◆ **The records**:
════════

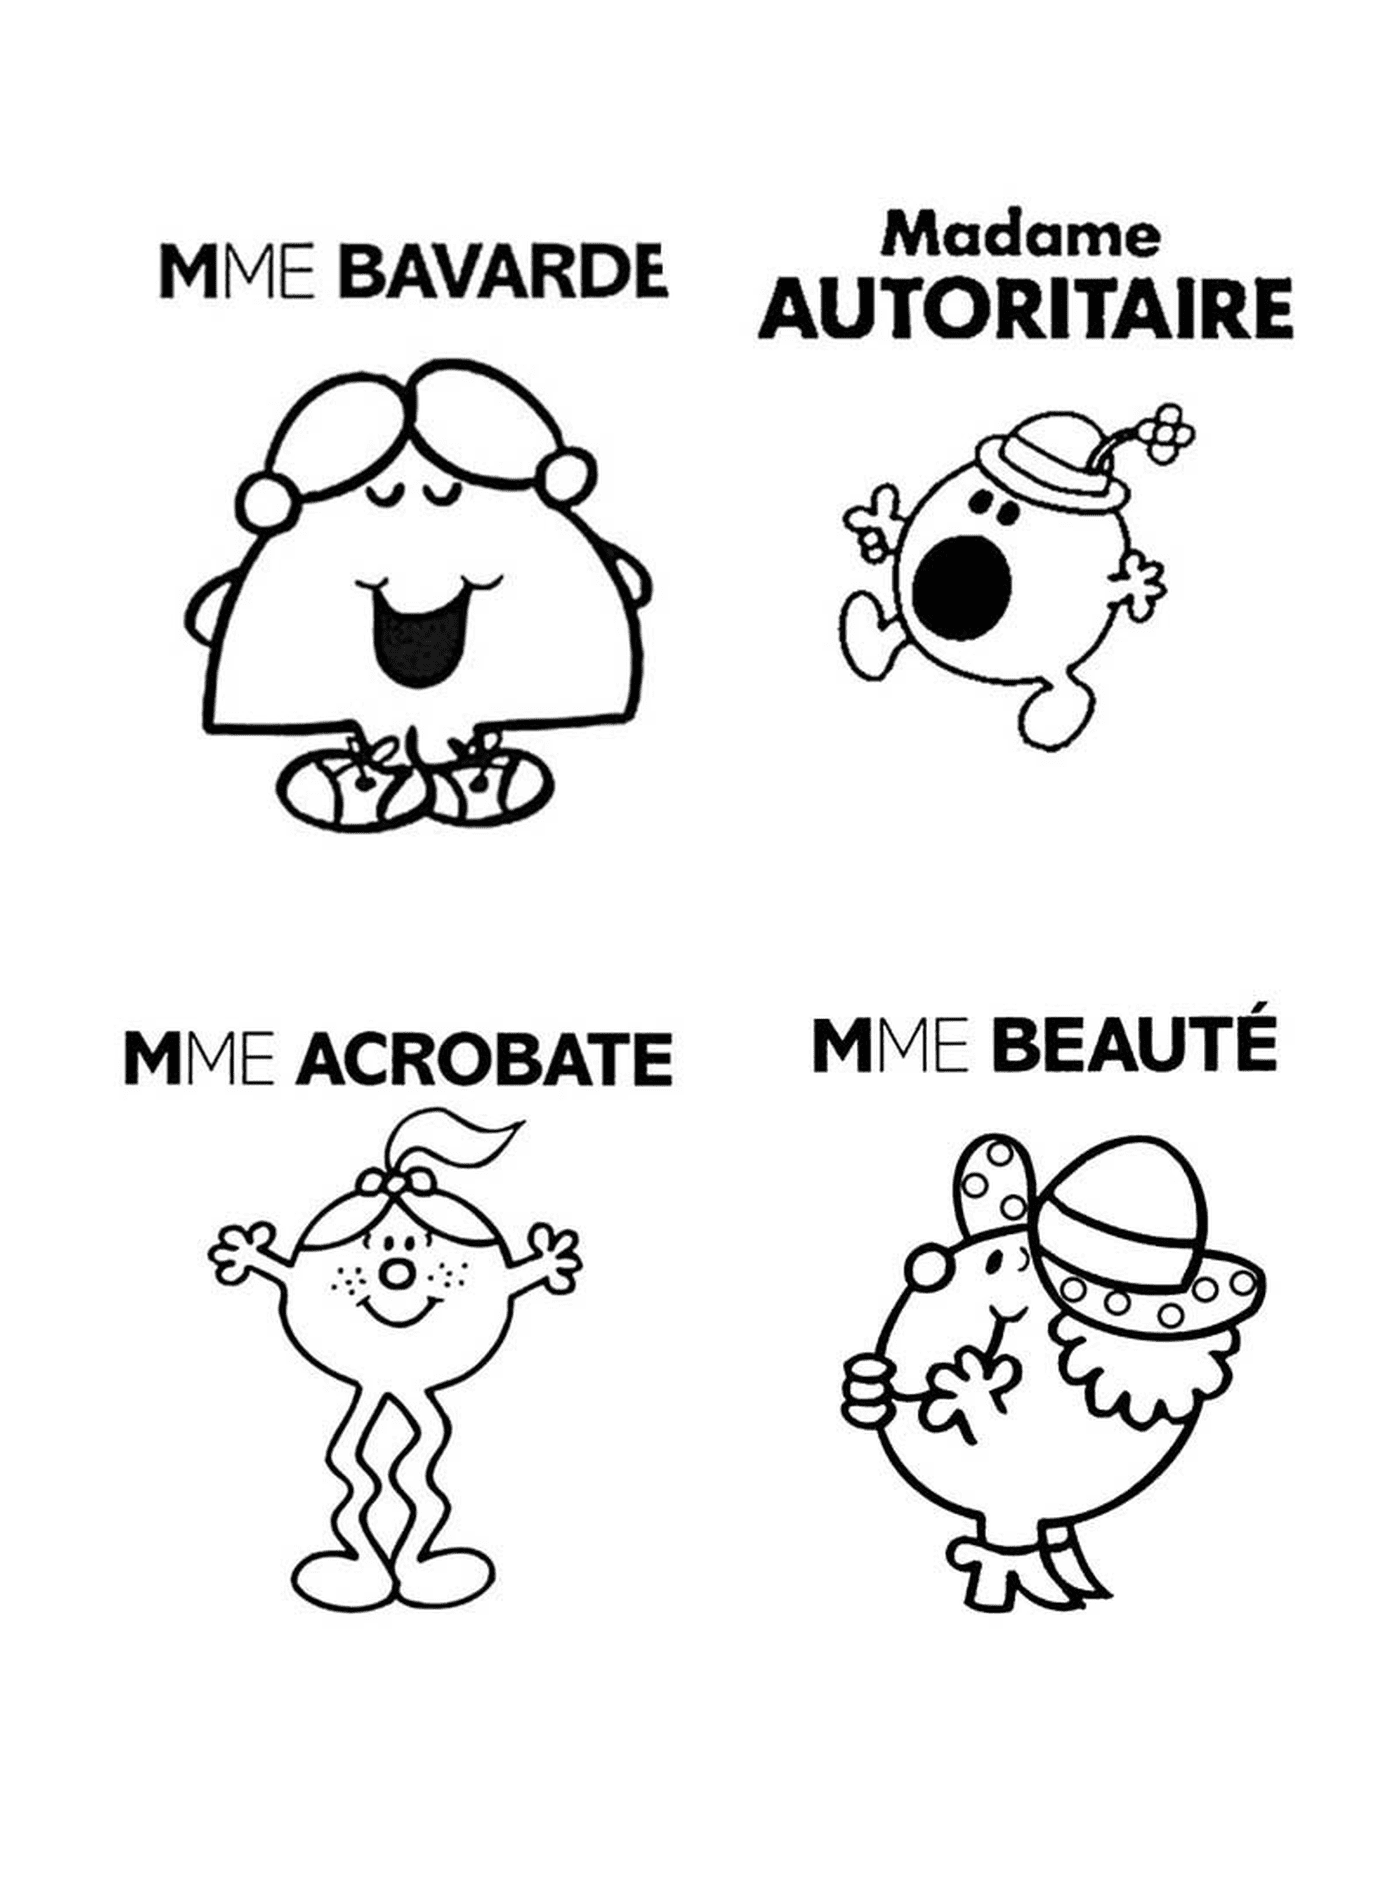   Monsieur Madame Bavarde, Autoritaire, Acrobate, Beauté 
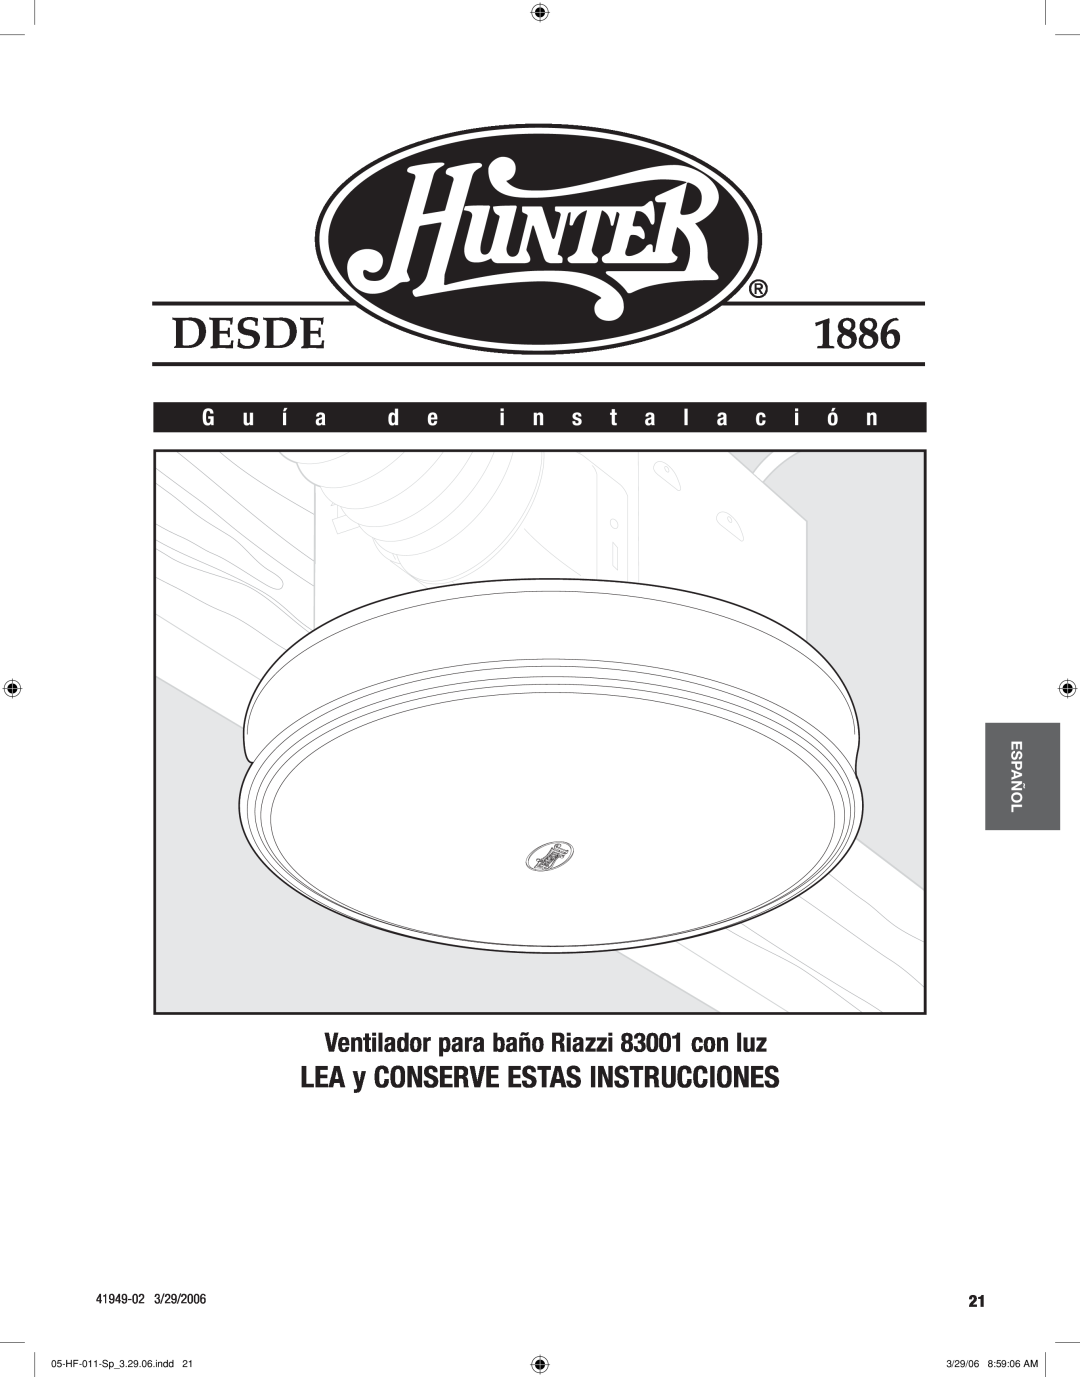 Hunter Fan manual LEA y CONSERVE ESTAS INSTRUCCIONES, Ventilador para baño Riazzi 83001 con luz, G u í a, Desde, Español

════════

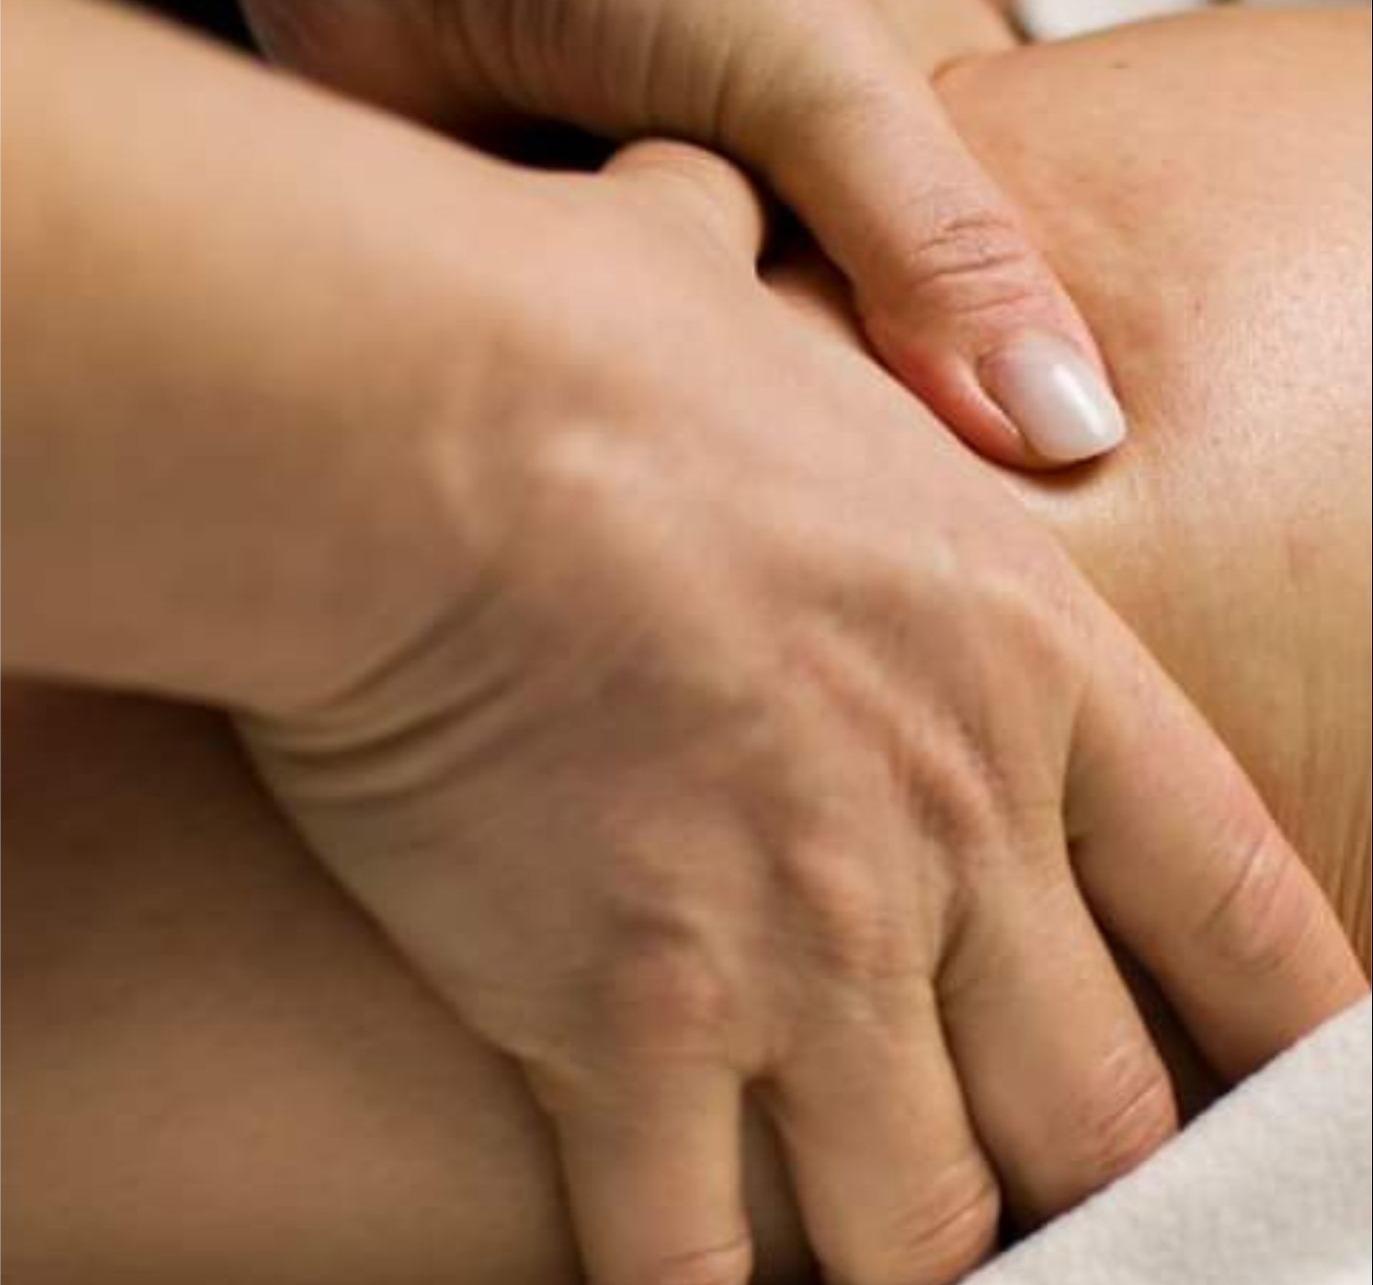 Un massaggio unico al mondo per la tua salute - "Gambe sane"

════════

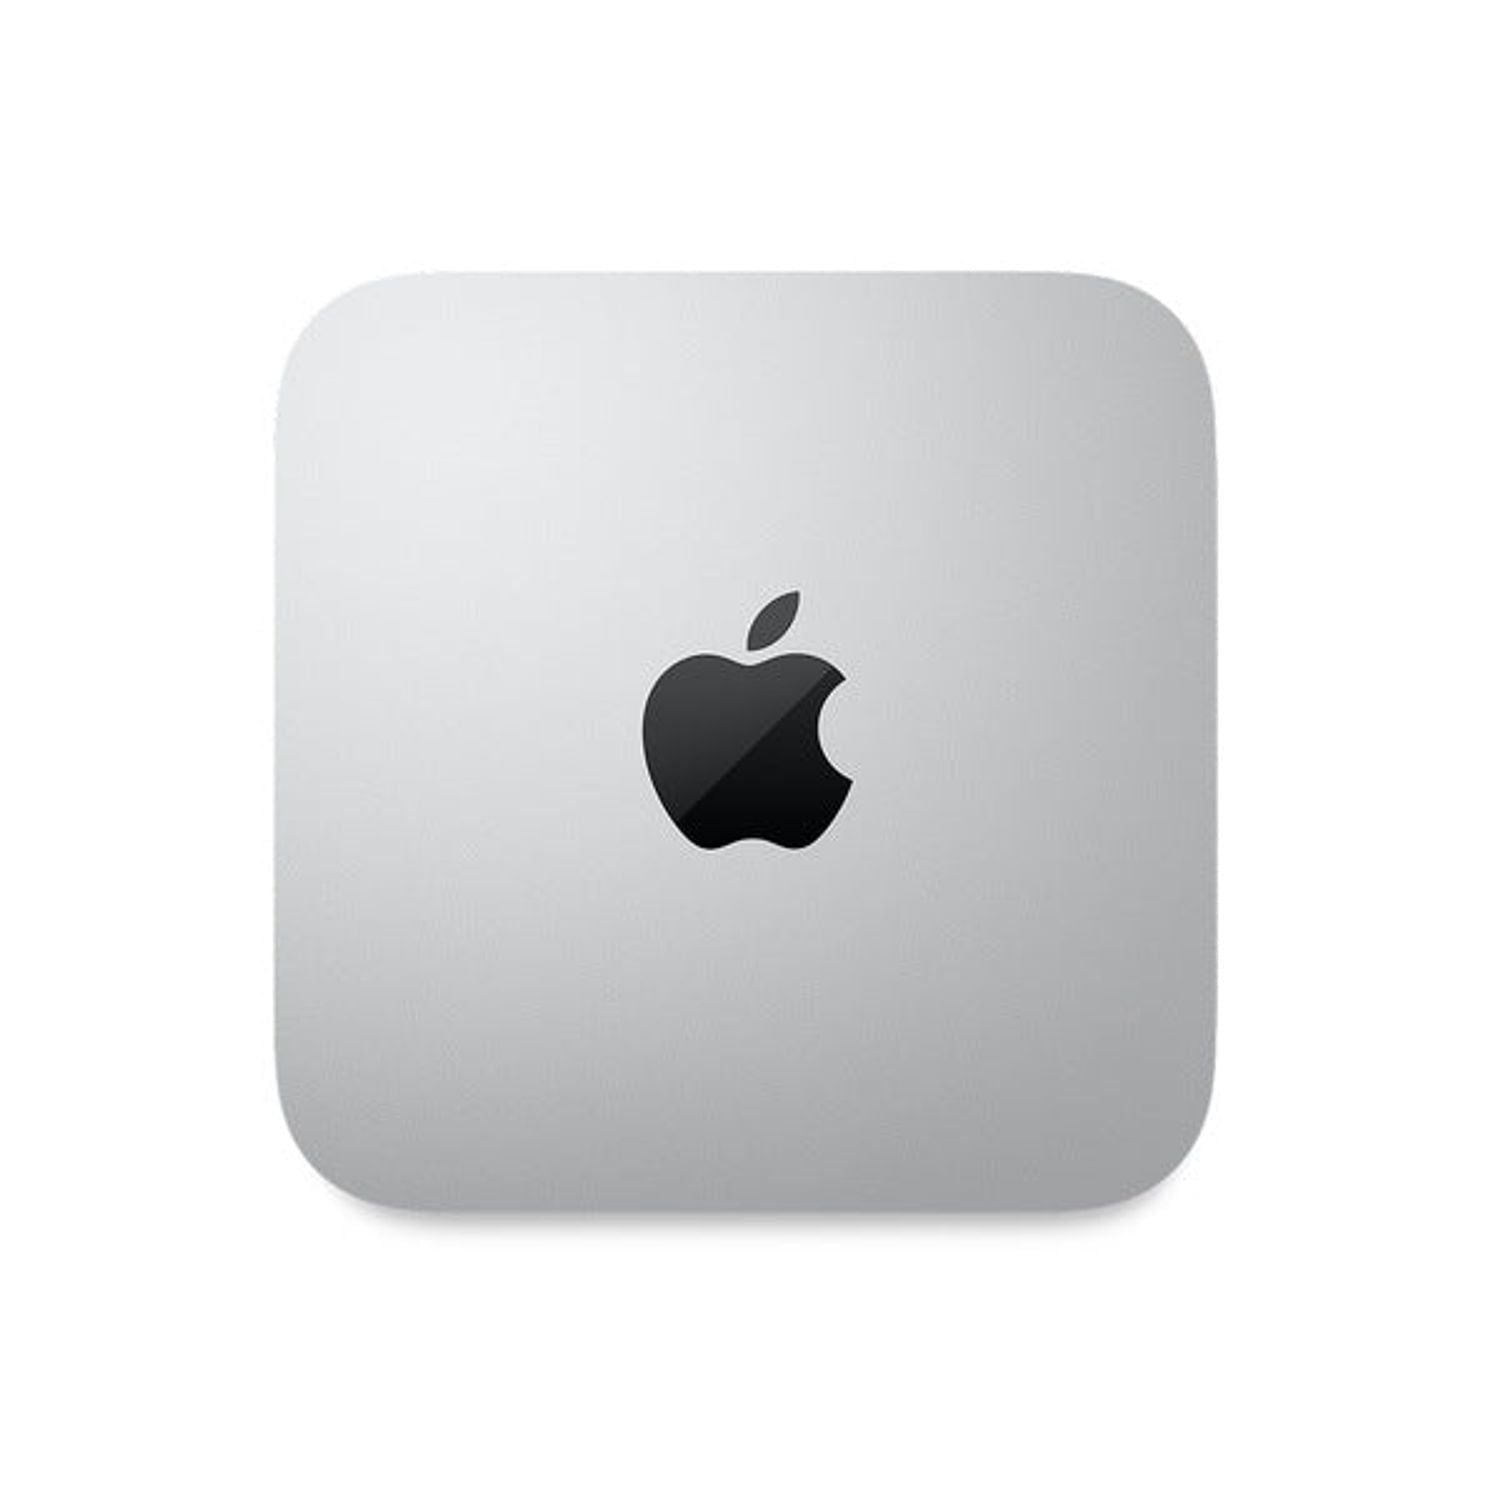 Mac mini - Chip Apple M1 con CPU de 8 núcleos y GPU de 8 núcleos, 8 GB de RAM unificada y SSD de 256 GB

════════

◆ **Assignment**:
In the listing above, find the line with "Monsieur Madame Bavarde, Autoritaire, Acrobate, Beauté" and the line with "Hunter Fan manual". Transcribe those two and everything between, exactly, leaving out pictures.

◆ **Answer section**:
   Monsieur Madame Bavarde, Autoritaire, Acrobate, Beauté 
 Hunter Fan manual LEA y CONSERVE ESTAS INSTRUCCIONES, Ventilador para baño Riazzi 83001 con luz, G u í a, Desde, Español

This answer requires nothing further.